Dataset content —
****************************************

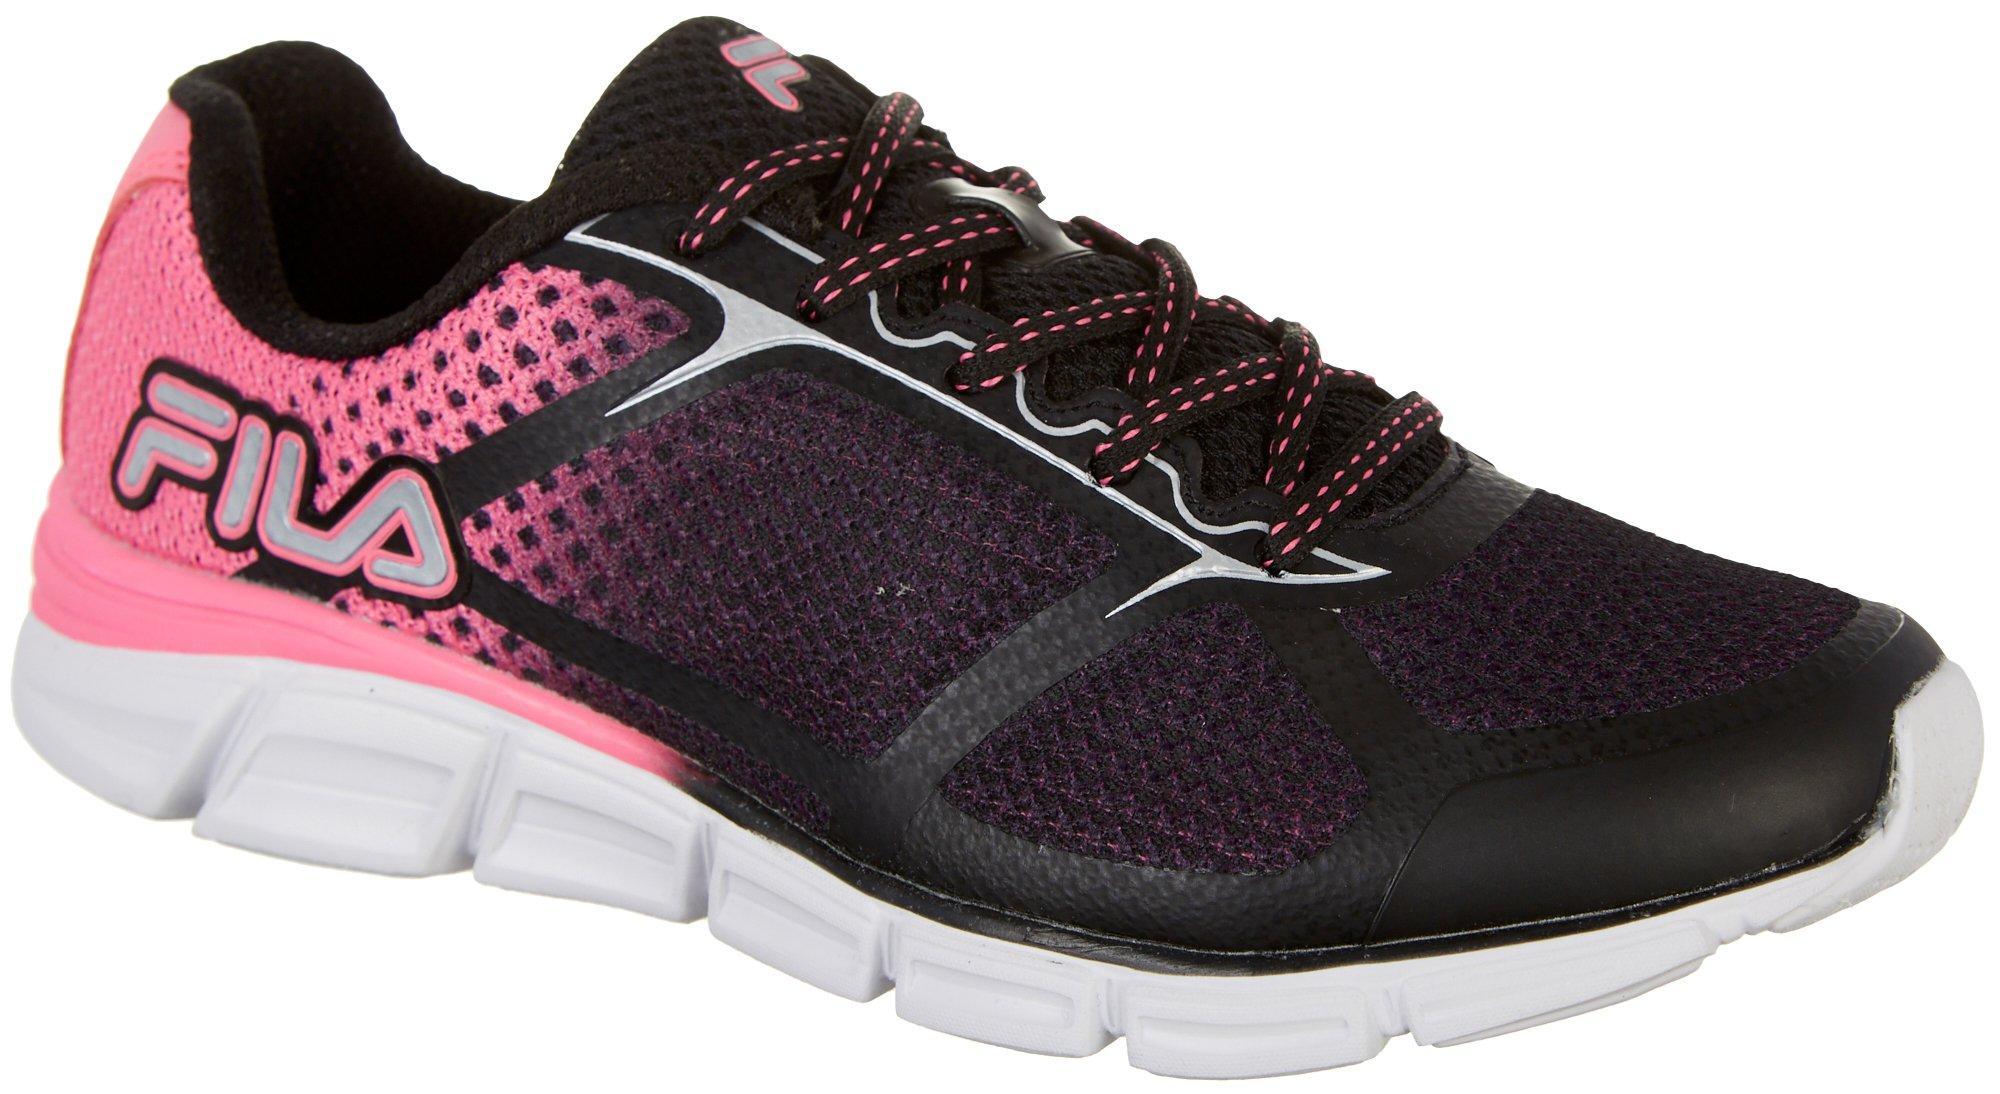 Fila Womens Memory Outreach Running Shoes Bealls Florida  Bealls Florida
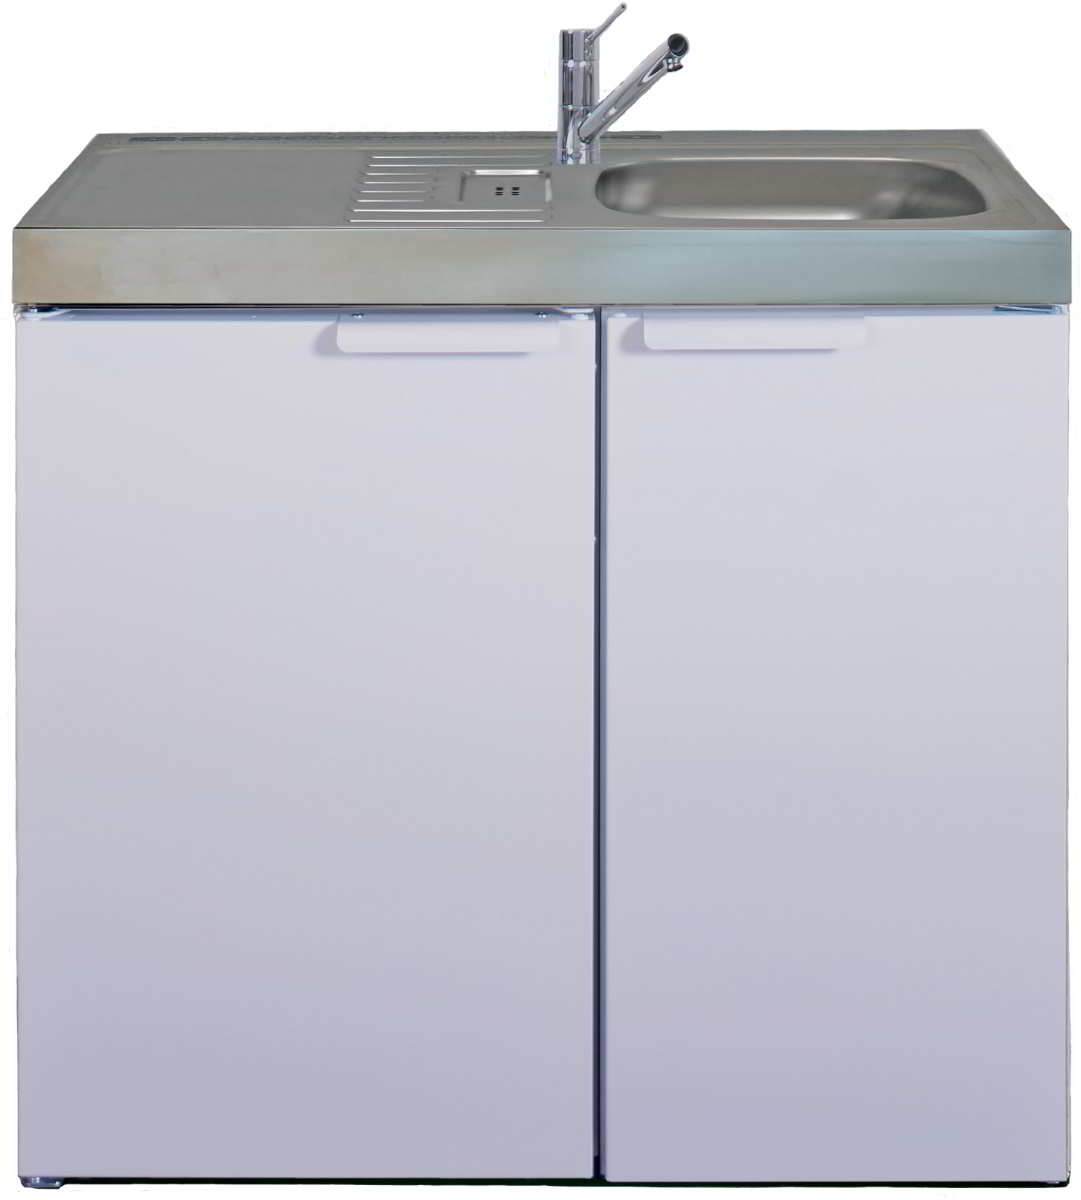 Full Size of Respekta Miniküche Mit Kühlschrank Miniküche Mit Kühlschrank Gebraucht Miniküche Mit Backofen Ohne Kühlschrank Miniküche 120 Cm Breit Mit Kühlschrank Küche Miniküche Mit Kühlschrank
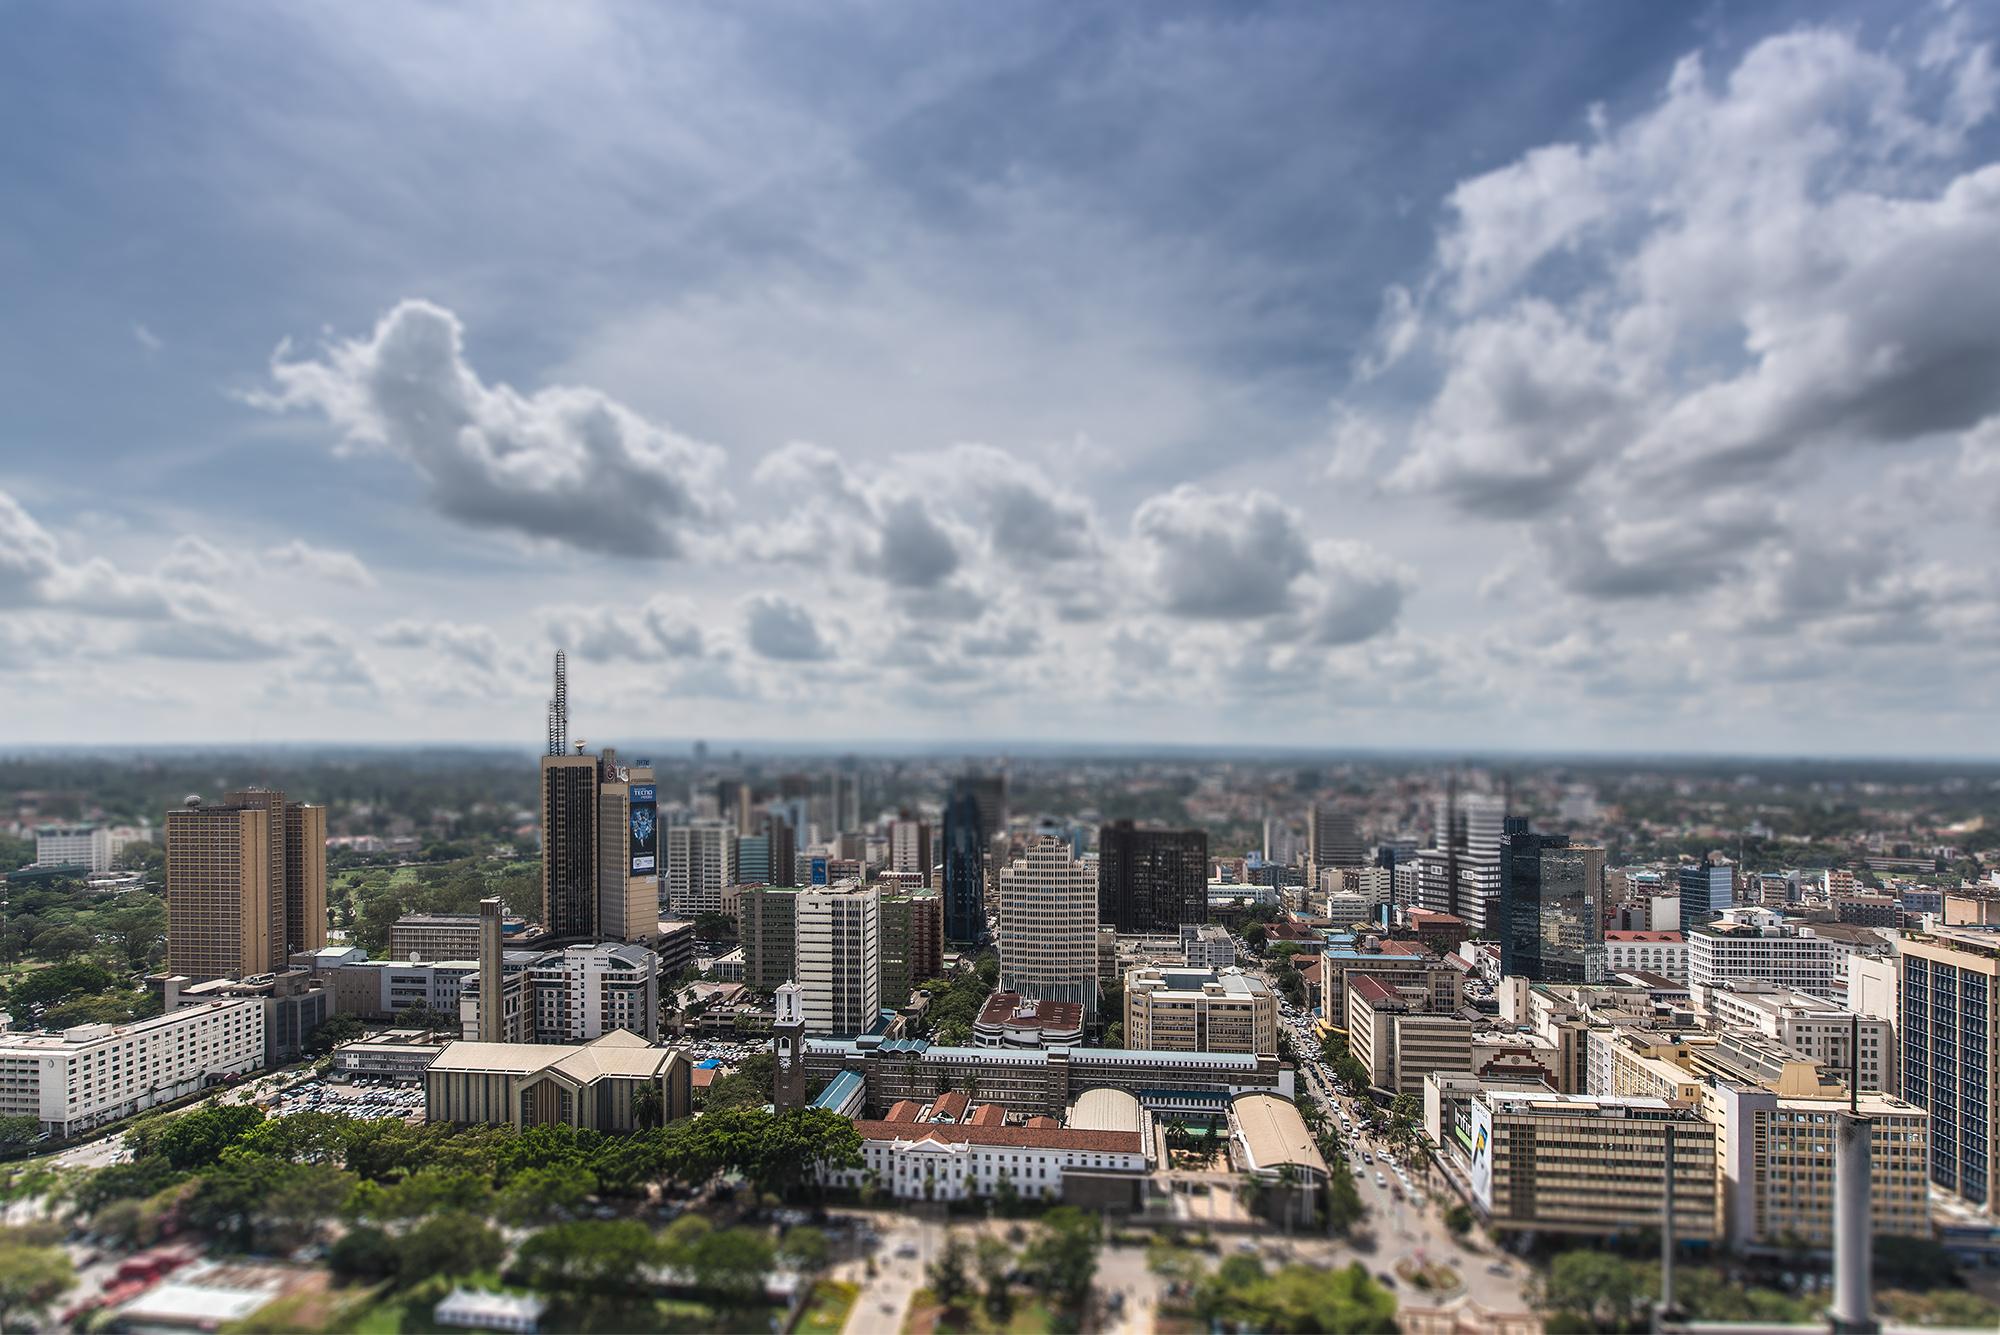 Skyline of downtown Nairobi

****************************************

What to do — All of the material above should be written out exactly as given, minus any images.

Solution to this exercise —
 Fila Womens Memory Outreach Running Shoes Bealls Florida  Bealls Florida
 Full Size of Respekta Miniküche Mit Kühlschrank Miniküche Mit Kühlschrank Gebraucht Miniküche Mit Backofen Ohne Kühlschrank Miniküche 120 Cm Breit Mit Kühlschrank Küche Miniküche Mit Kühlschrank
 Skyline of downtown Nairobi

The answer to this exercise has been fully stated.